And, at long last, to the point of the title of this little rant, John I, 1. “In the beginning there was the WORD…..” The homily remains almost a sacrosanct vestigial remnant of a time when people actually had something to say to one another. Whether it was in antiquity with Cicero or St. Paul, St. Francis or Martin Luther, Jonathan Edwards or John Adams, or in our lifetimes with names like Churchill, King Jr., Sheen, Ghandi, and their ilk, the act of one inspired soul’s words crafted with conviction and purpose to remind large gatherings of other souls’ to listen, to savor, to digest and to transform themselves through those noble thoughts bravely spoken seems to have all but disappeared from our ambos and pulpits.

From what I know of the historical Jesus, he wasn’t a song and dance sort of guy. He didn’t attract crowds of listeners like Cagney in a top hat crooning “I’m a Yankee Doodle Dandy.” In the current cycle of Gospel readings we are reminded again and again of the unimaginable power of the story, the parable, the spoken word from a sage to the masses.

So, if we musicians must fret about something as it seems we must always, let us worry about how we can gently and firmly remind our clerical brothers that we choose our repertoire for a reason, we rehearse it thoroughly for a reason, we literally pray that it be taken up or listened to with intent that is pure and unabated by banality or poor improvisation and padding.

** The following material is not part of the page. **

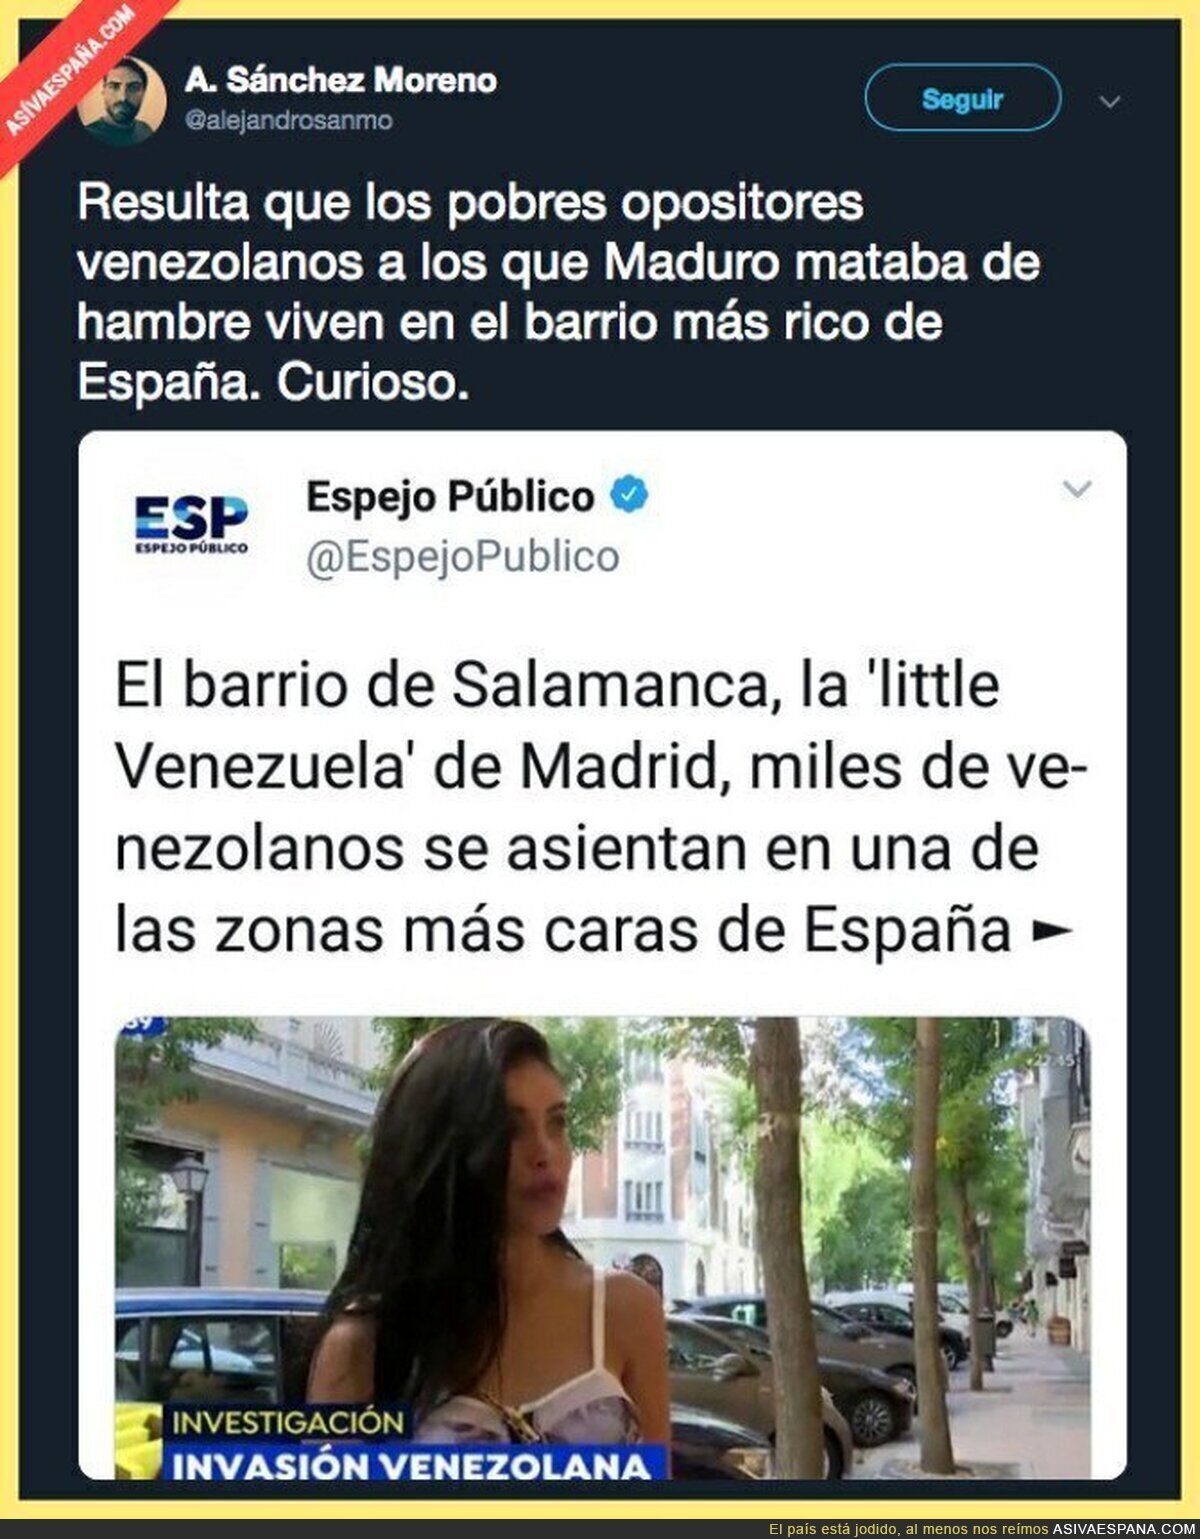 Que mal viven los venezolanos, eh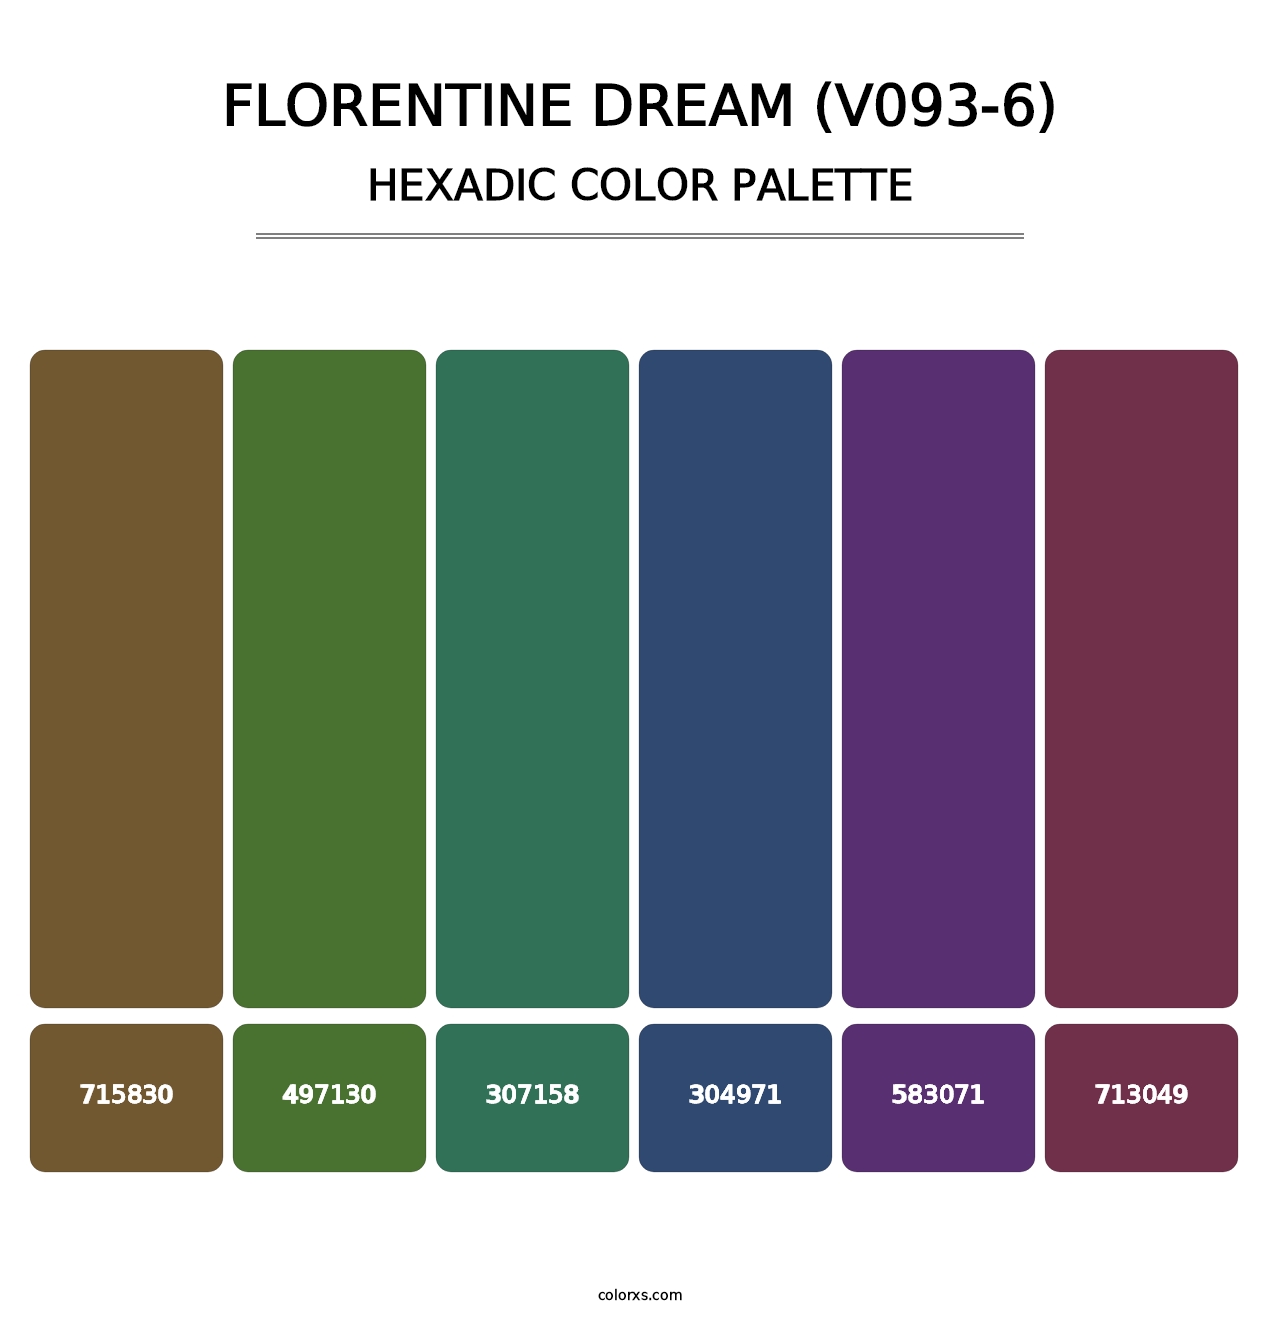 Florentine Dream (V093-6) - Hexadic Color Palette

Just as every Sanctus sung is literally prefaced with the anamnesis that we are conjoined with choirs of angels IN THAT VERY MOMENT, every homilist ought to re-approach the ambo after the gospel reading as if he is to give the Sermon on the Mount.

Music Minister (Part Two) To live, breathe and have one’s being in….

This is a continuation of reflections upon a reprinted article from 1972 currently in the Summer 2014 Issue  of SACRED MUSIC, authored originally by Fr. Ralph S. March S.O.Cist. I’m only remarking upon catch-phrase quotes excerpted in the current issue.

Part the third. The music minister must live, breathe, dream sacred music.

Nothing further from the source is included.